TASK STATEMENT:
When you copy the data, keep every line exactly as written and skip the pictures.

── PROVIDED DATA

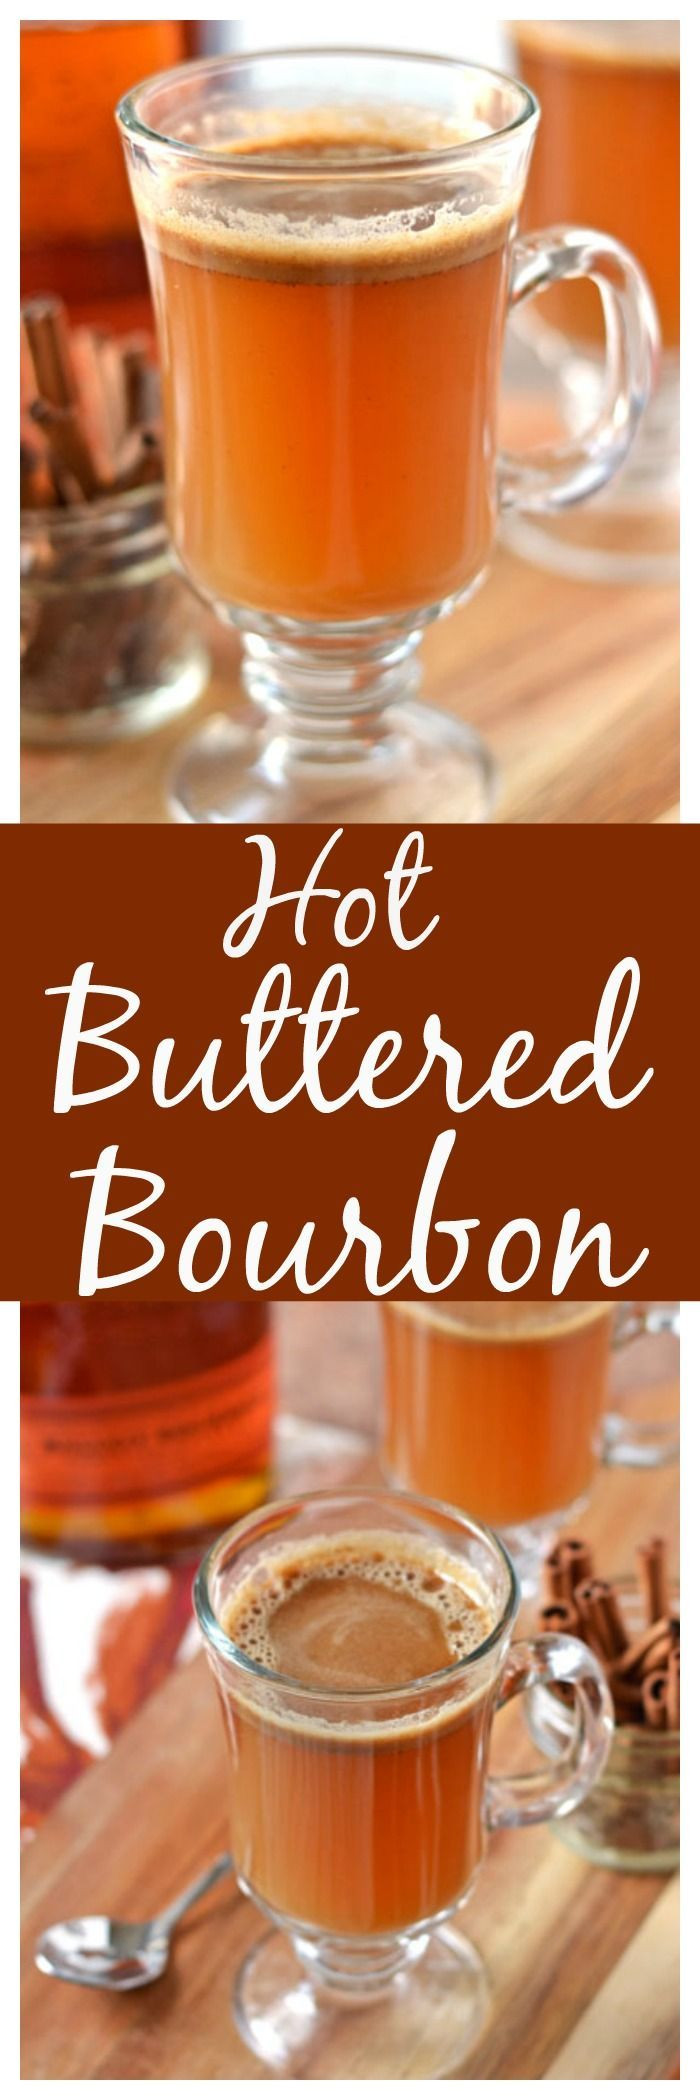 Bourbon Christmas Drinks
 Best 20 Hot toddy ideas on Pinterest
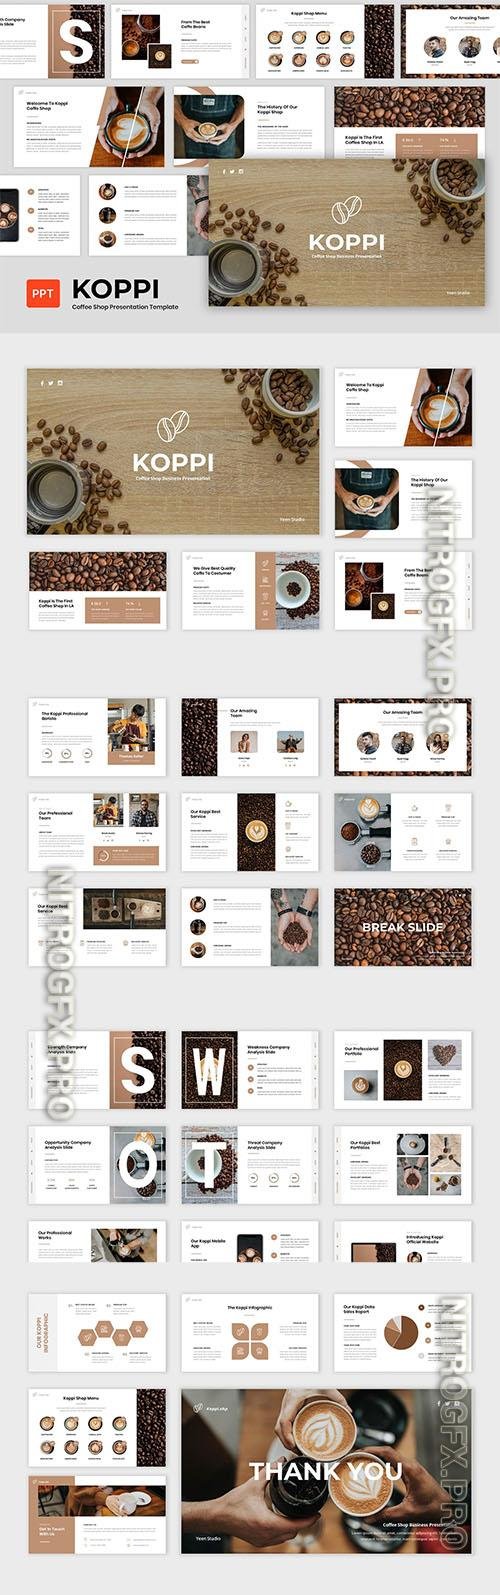 Koppi - Coffee Shop Presentation Powerpoint, Keynote and Google Slides Template

────

THE COMPLETED TASK:
 Bourbon Christmas Drinks
 Best 20 Hot toddy ideas on Pinterest
 Koppi - Coffee Shop Presentation Powerpoint, Keynote and Google Slides Template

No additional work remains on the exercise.